2.1 Removal of Automated Requests

The log files contain requests from robots and other automated systems that should be removed as they are not actual requests from web users. Automated systems are classified as systems that repeatedly request a resource from the website after a set period of time. For example, upon investigation of Site A’s server log, requests from two monitoring services are identified. The first service requests a resource from Site A every 30 min while the second service requests a resource from Site A every 66 min. The resources these services request are unique and not publicly available; hence removing them simply involves identifying these resources in the log files. Robots that automatically request the “robots.txt” resource are also removed from both Site A and ECE log files.

Although, it is infeasible to remove all automated requests from the server logs, web administrators need to remove all identifiable requests. Several techniques to identify them can be used by web administrators to remove automated requests.
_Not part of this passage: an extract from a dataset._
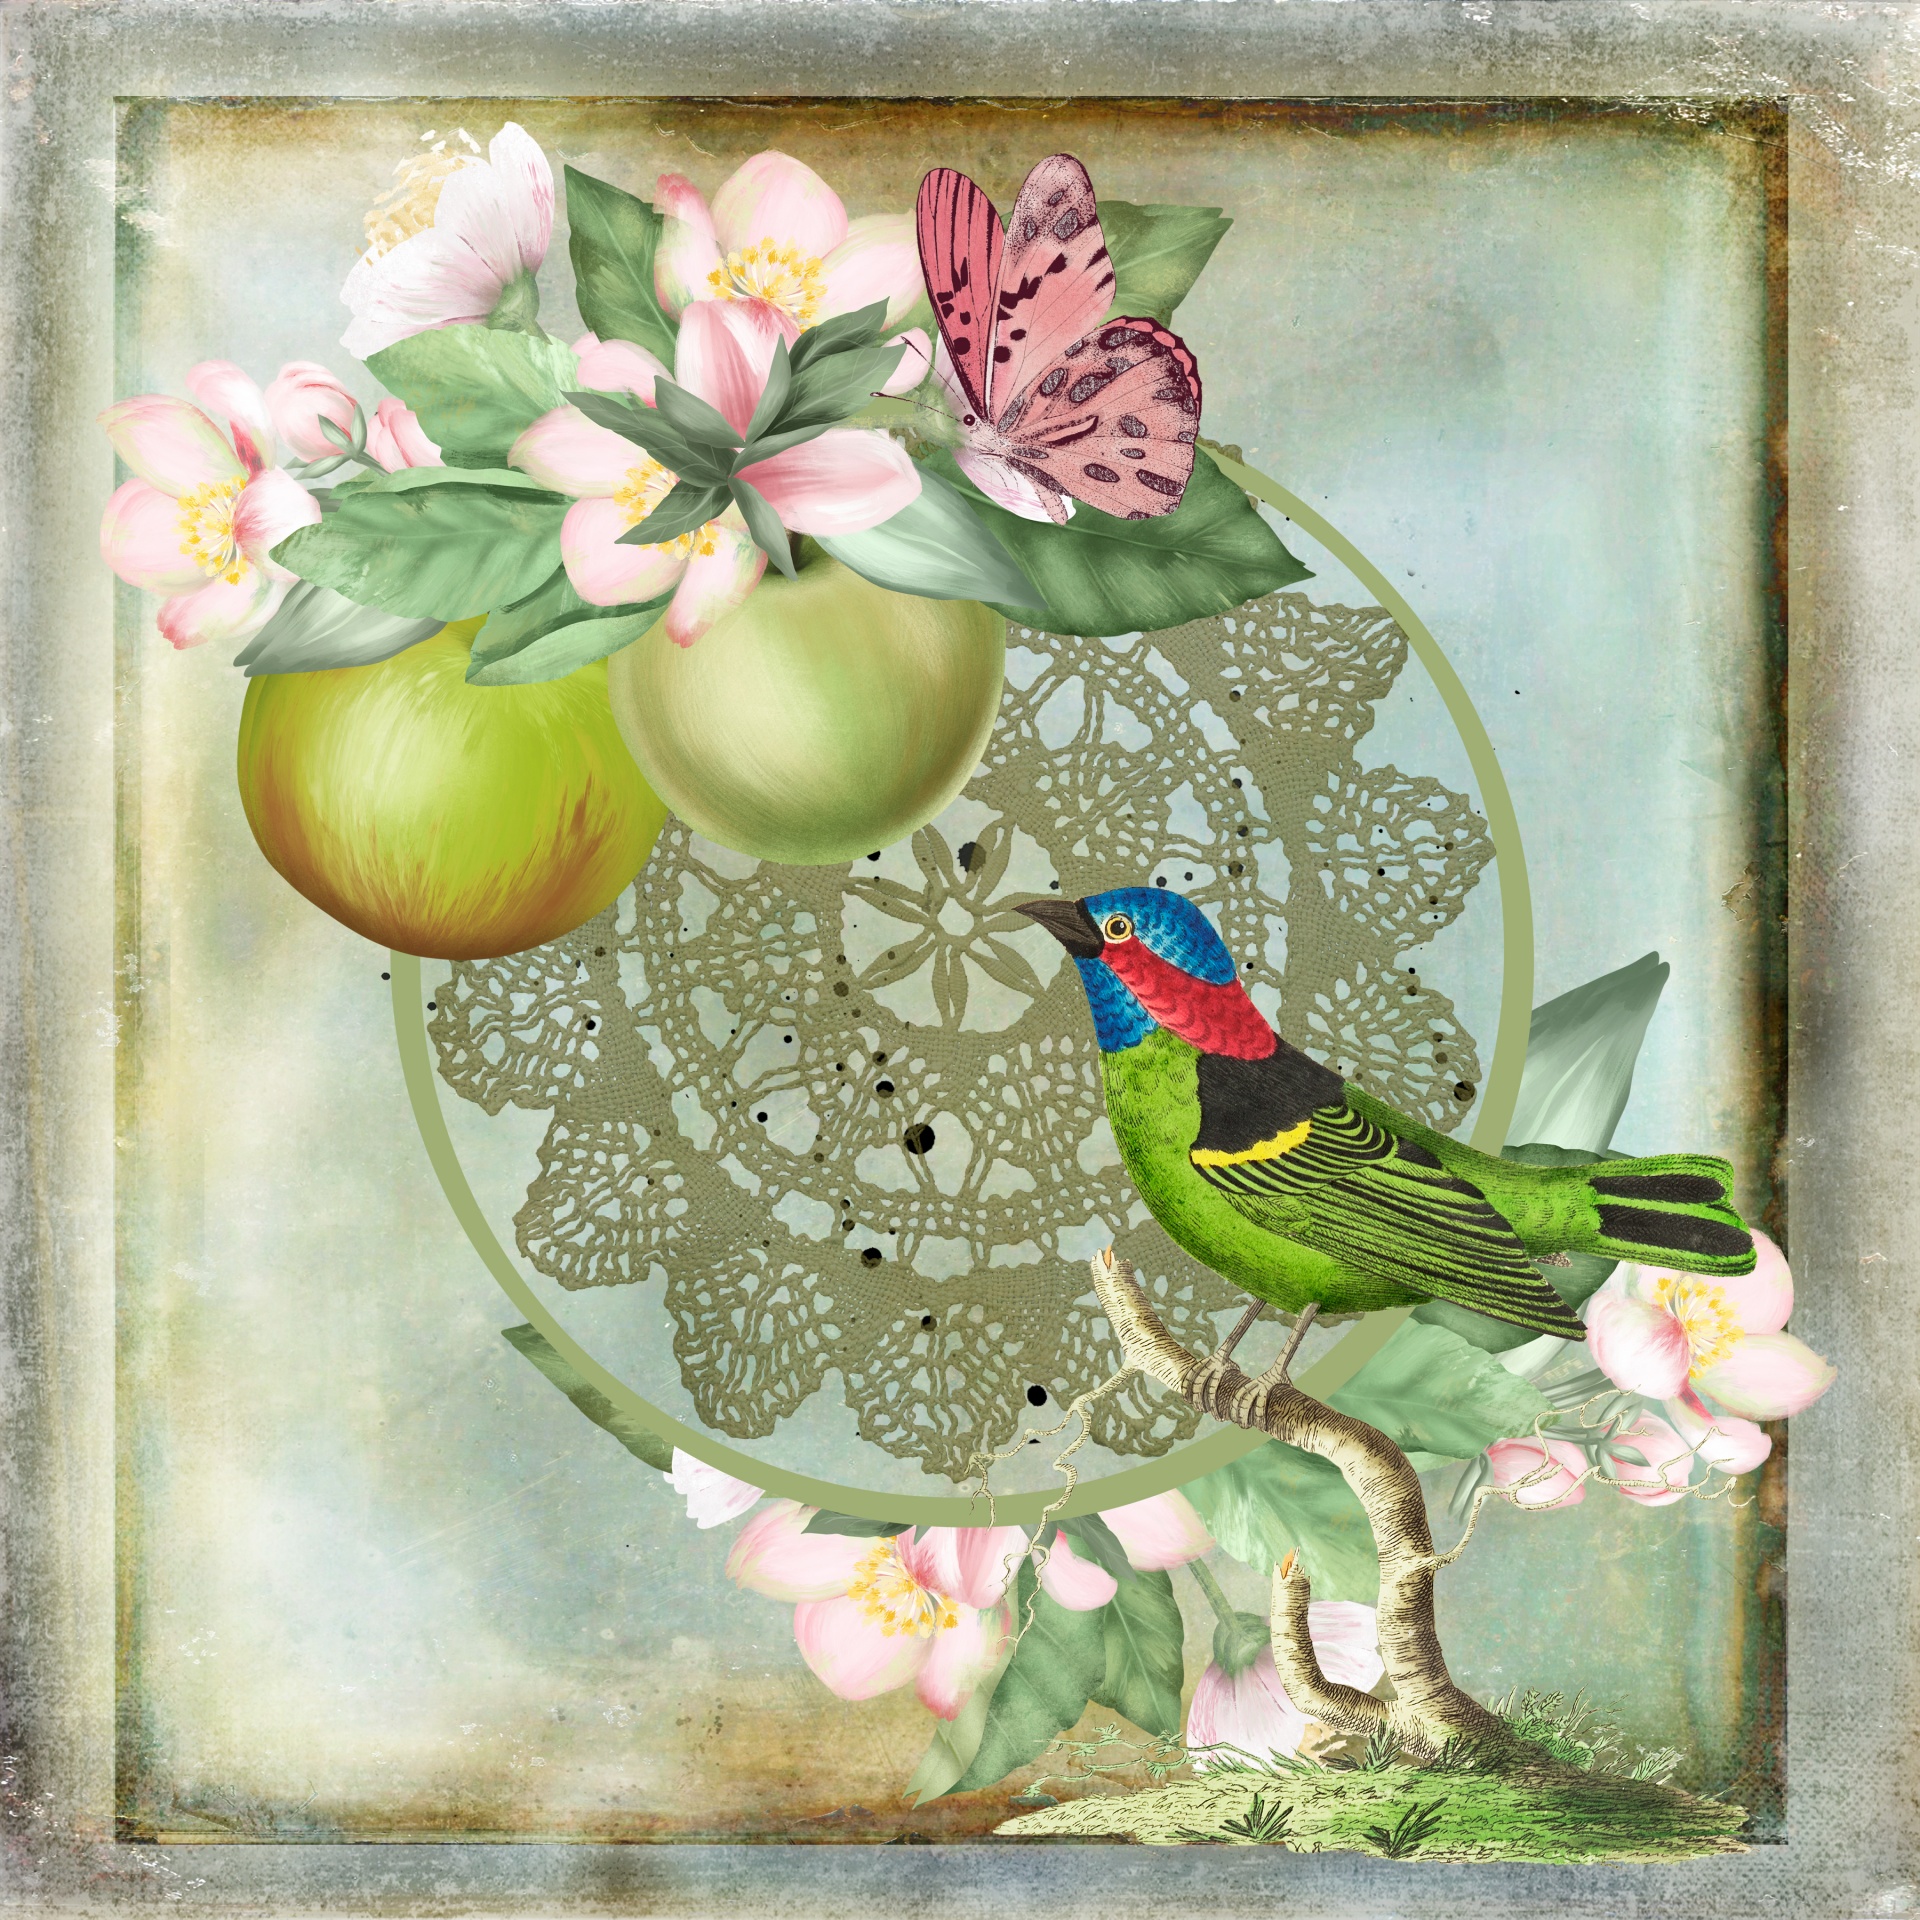 green apples, pink blossoms, butterfly and a bird on vintage textured green background
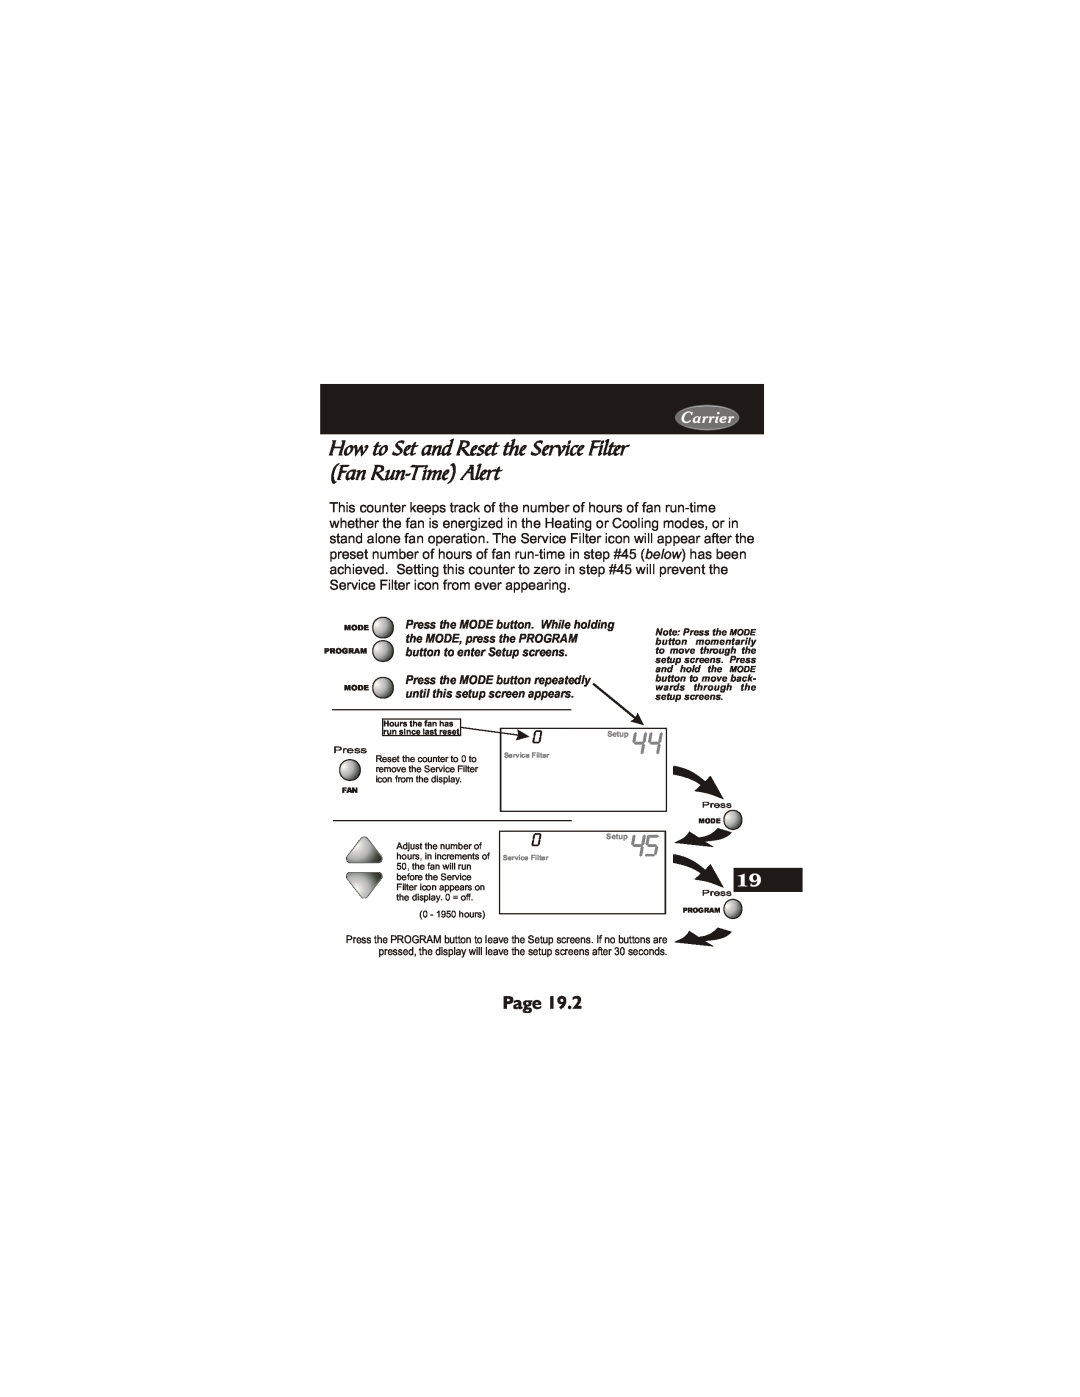 Carrier 33CS450-01 Page, How to Set and Reset the Service Filter Fan Run-Time Alert, Carrier, Hours the fan has

Most well known robots have a signature line that is included with every request as part of the USER AGENT field of the log file. For example, “Googlebot-Image/1.0” can be used to identify a robot from Google that is indexing the website’s images. For web monitoring services, web administrators can simply dedicate a special resource that only these services can access. This resource can then be easily identified within the log files.

2.2 Analysis of Error Code Information

Error response codes can be extracted from either access or error logs. Due to the lack of error log files for the K Desktop Environment (KDE) website and Site A, only the access log files were used to extract the error information (Tian et al. 2004). Error response codes are embedded in the access logs, and these codes can be mapped to the error entries in the error log, for example, a “file not found” error in the error log usually corresponds to a 404 error code in the access log. Hence as stated in Tian et al. (2004), using just the access logs is a reasonable method to gather error information unless detailed information about the errors is required. Figure 1 provides a sample entry that can be found within the access logs.

This figure shows that on November 3, 2005, a remote user with an IP address of 129.194.12.3 used the POST protocol to access a file called search.php. The server responded with a 200 code and returned 50482 bytes of data. The previous URL that the user visited is http://www.sitea.com/database/form.php. The user used Microsoft Internet Explore version 6.0 to access the webpage.

The Nelson model and MTBF calculation require that the server logs capture the entire workload for the period under investigation. To ensure that the logs are complete, the parser used was customized to report suspicious gaps, which can be defined as long periods of inactivity between two recorded hits. These gaps were manually examined and discussed with the web administrators to ensure that the gaps are naturally occurring and not due to external factors such as the hard drive being full.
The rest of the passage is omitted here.